Background: The 2013 American College of Cardiology (ACC)/ American Heart Association (AHA) cardiovascular disease (CVD) risk prediction algorithm (Pooled Cohorts Equations) has not previously been evaluated in HIV populations.
Methods: Framingham Risk Scores (FRS) and ACC/AHA risk scores were calculated for patients in a longitudinal HIV clinical care cohort during a 3-year interval ending January 1, 2009. Patients were not eligible if they were under age 18, had expired prior to January 1, 2009, were missing relevant data to populate the risk score, or had undergone a relevant outcome event prior to the date of risk score calculation. CVD risk was considered high if 10-year predicted risk of the relevant outcome event was ≥10 percent for FRS and ≥7.5 percent for ACC/AHA. Outcome events were coronary heart disease (CHD) for FRS and atherosclerotic CVD (ASCVD) for ACC/AHA.

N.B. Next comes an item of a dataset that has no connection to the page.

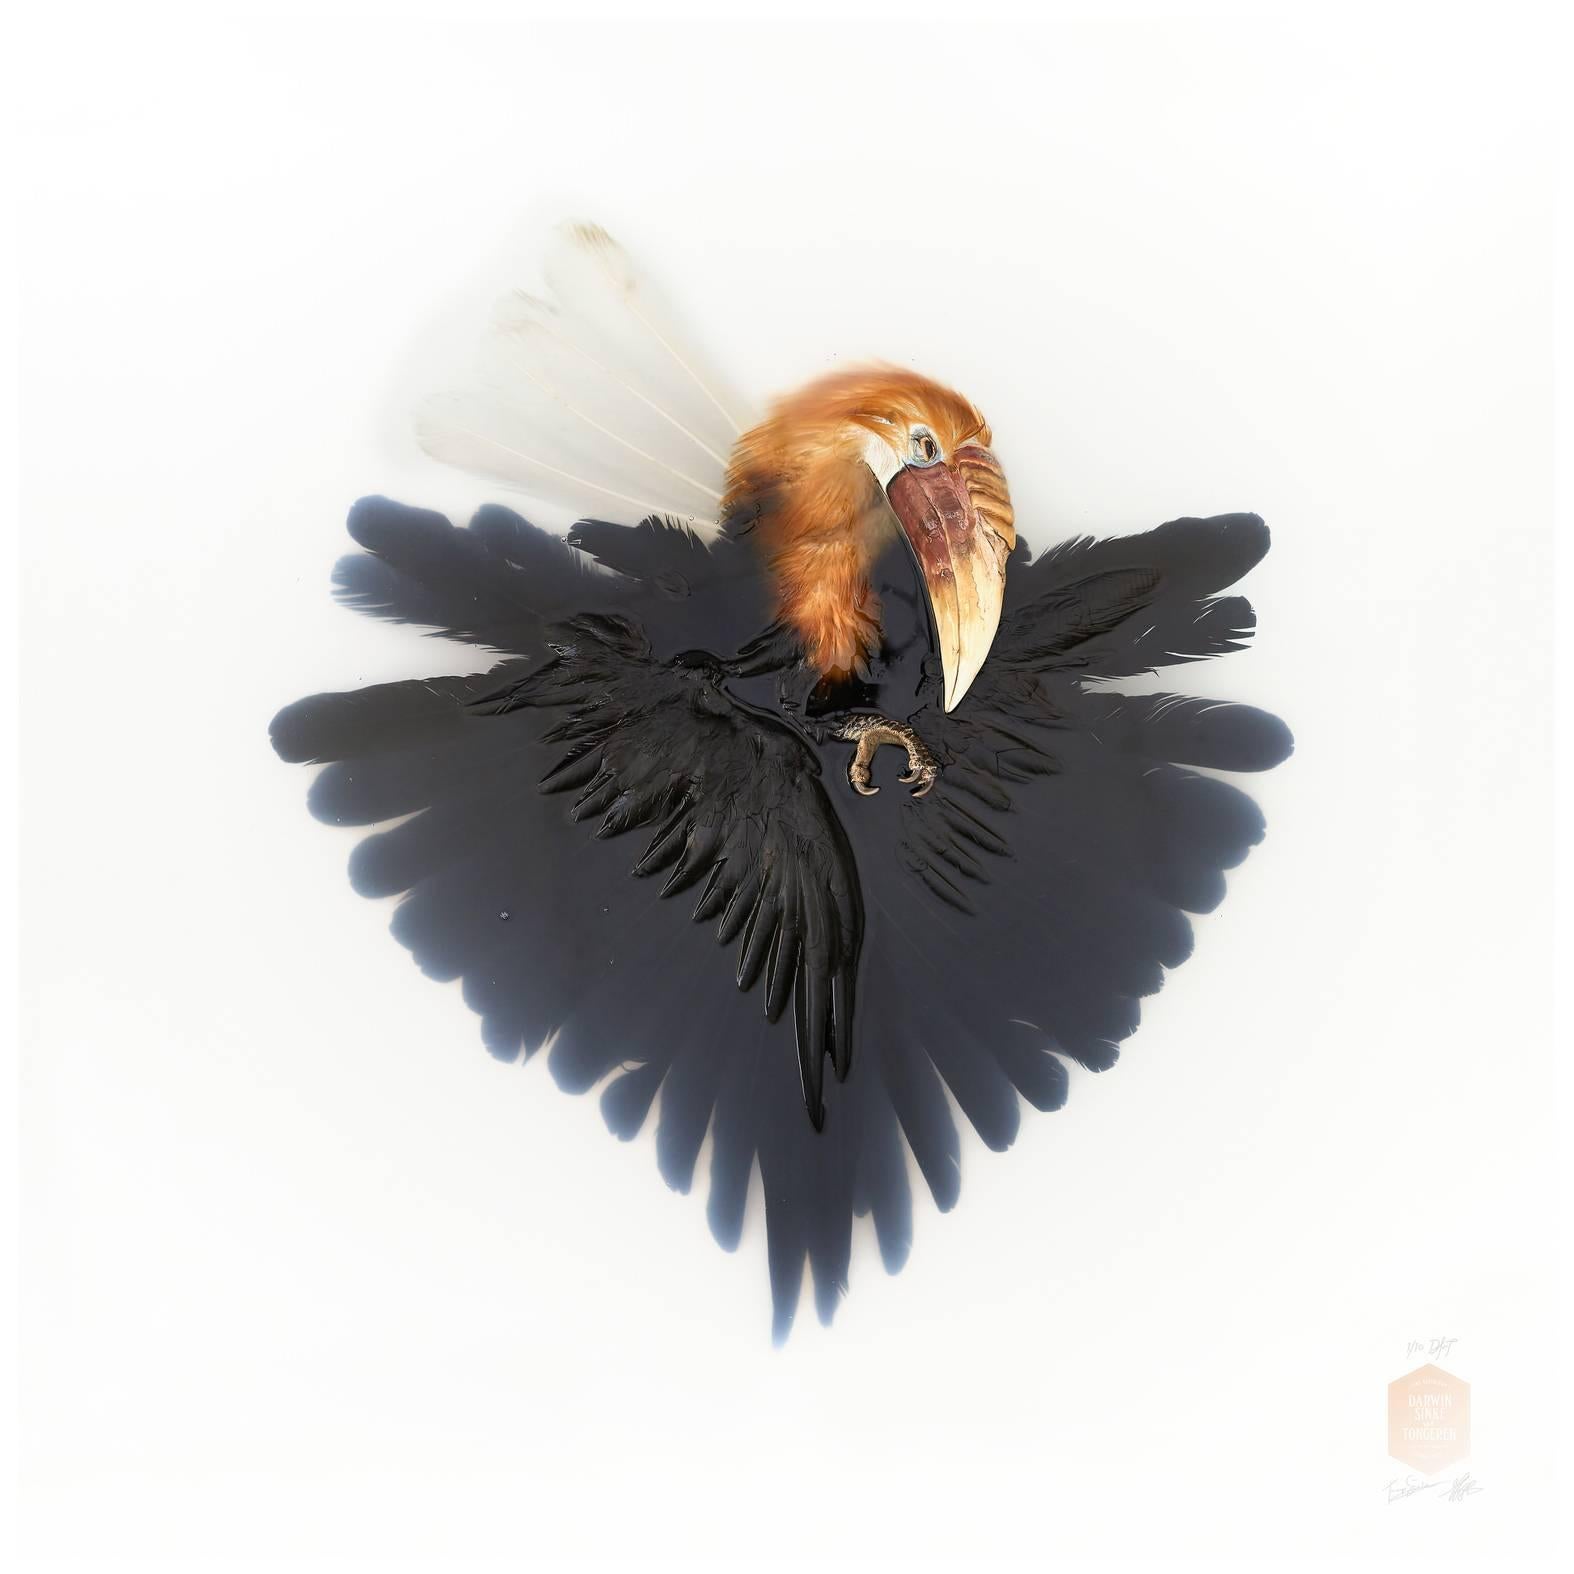 Kunstdruck mit dem Titel „Unbekannte Pose von Wreathed Hornbill“ von Sinke & van Tongeren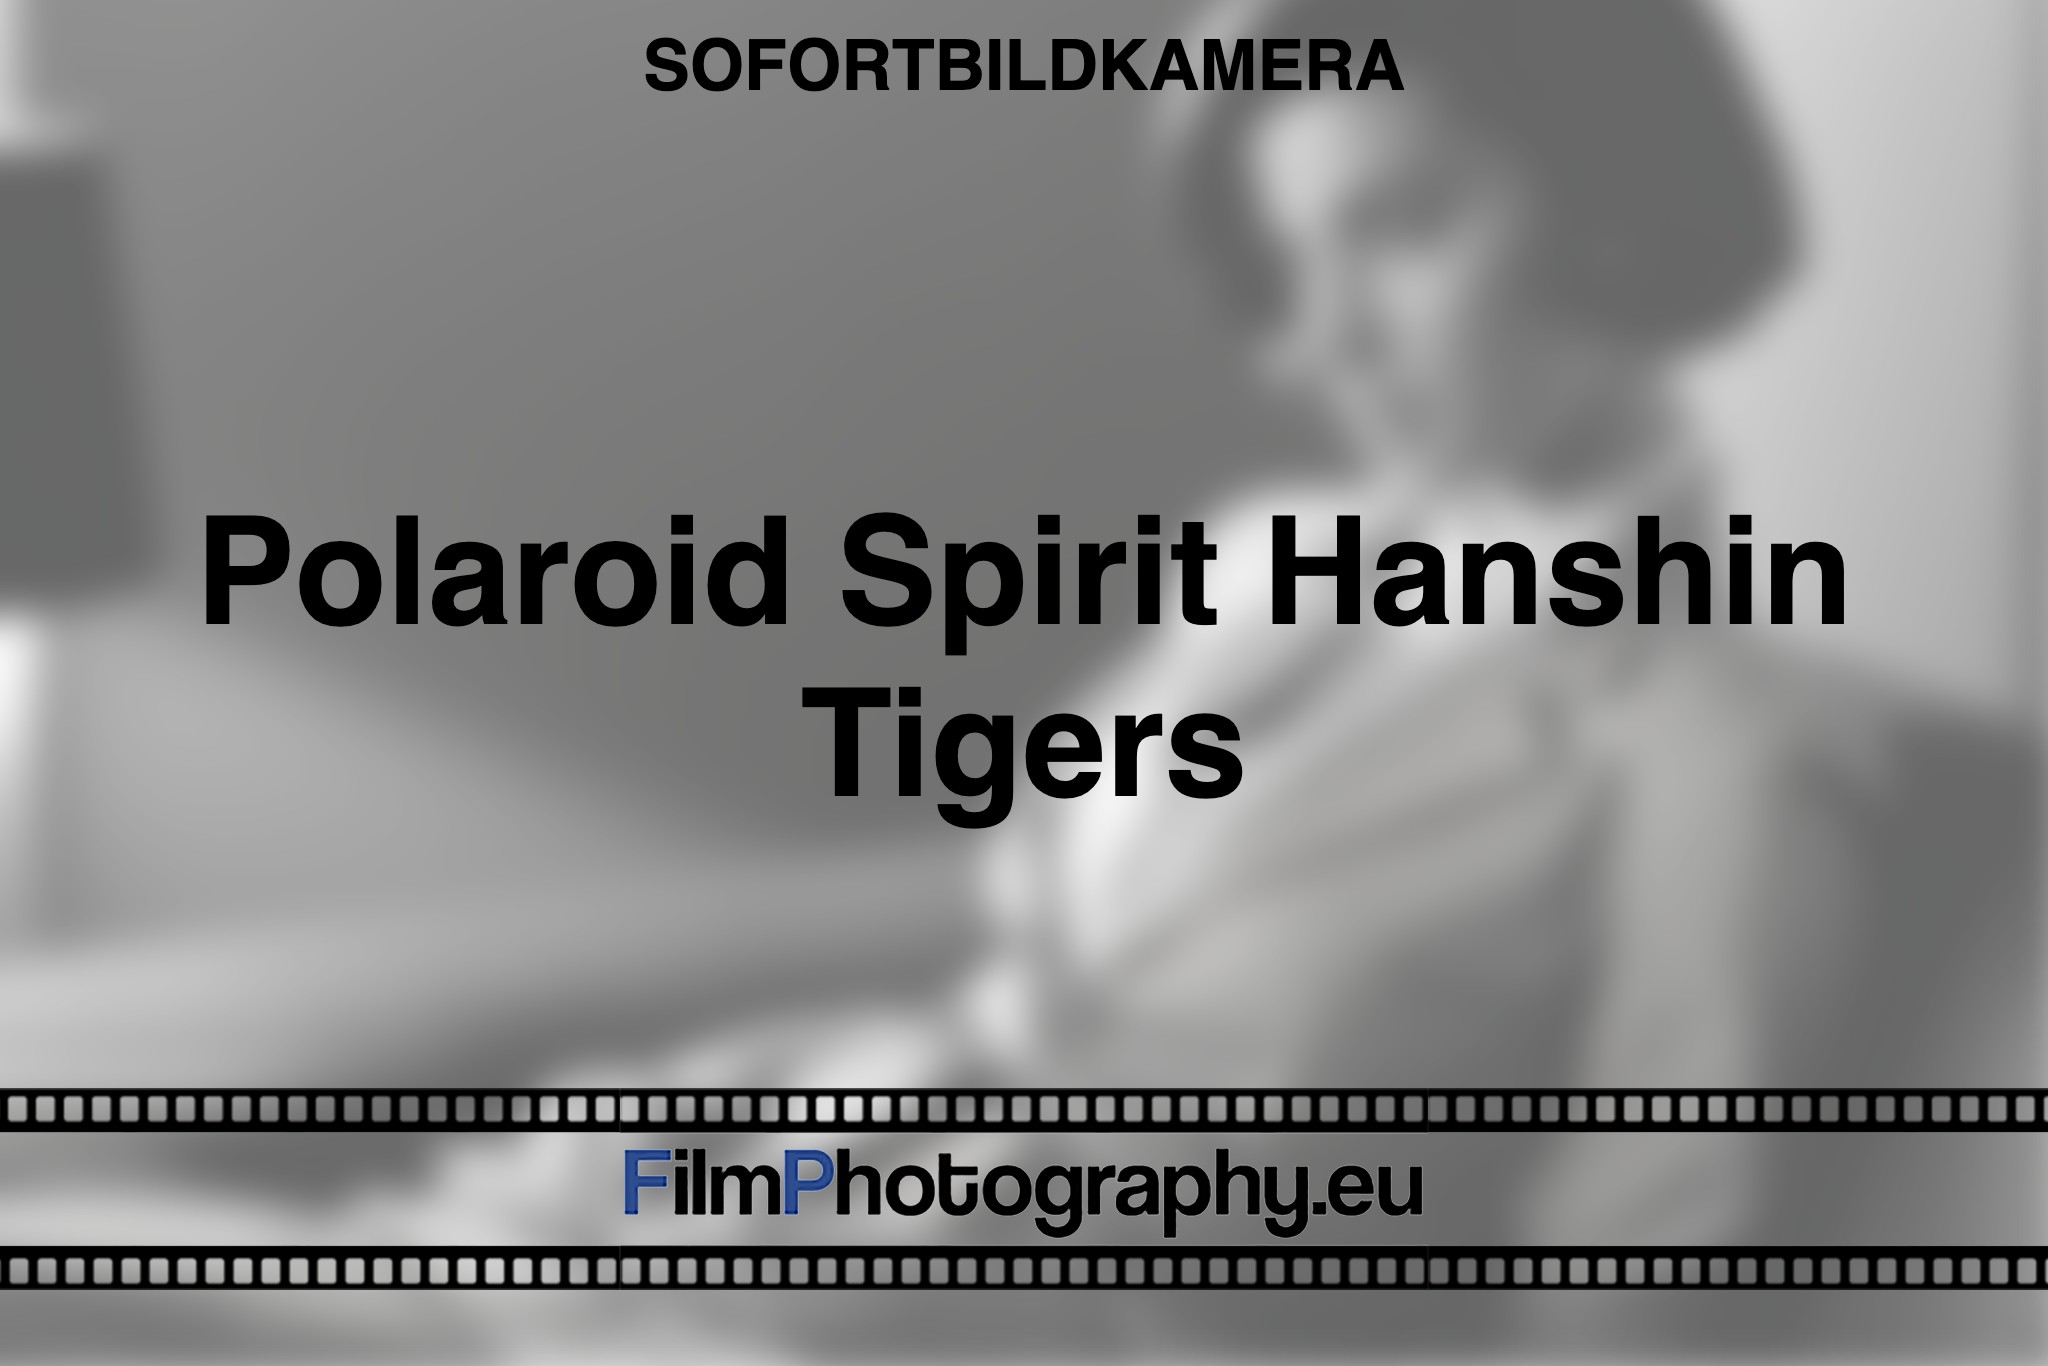 polaroid-spirit-hanshin-tigers-sofortbildkamera-bnv

Results: The FRS was calculated for 2270 patients, with a median follow-up time of 6.3 years, and the ACC/AHA risk score was calculated for 2152 patients, with a median follow-up time of 6.2 years. Risk scores were discordant in 17 percent of patients, with the ACC/AHA score only predicting high risk in 10 percent and the FRS only predicting high risk in 7 percent. In comparisons of these discordant subgroups, patients classified as high-risk by ACC/AHA but low-risk by FRS were older (median age 56 for ACC/AHA high vs. 48 for FRS high) and more likely to be female (68% vs. 0%), diabetic (52% vs. 6%) and black (22% vs. 12%) but less likely to be smokers (44% vs. 66%) than those low-risk by ACC/AHA and high-risk by FRS. Actual event rates were estimated and compared with predicted rates. As shown in the figure, actual 6-year event rates were similar to 10-year predicted rates for the FRS and were similar to or exceeded predicted rates for the ACC/AHA risk score.
Conclusions: Our findings suggest that CVD risk prediction scores designed for the general population, and particularly the new ACC/AHA risk score, may underestimate risk for HIV-infected patients. Accurate CVD risk prediction is an important component of the long-term management of chronic disease complications in HIV.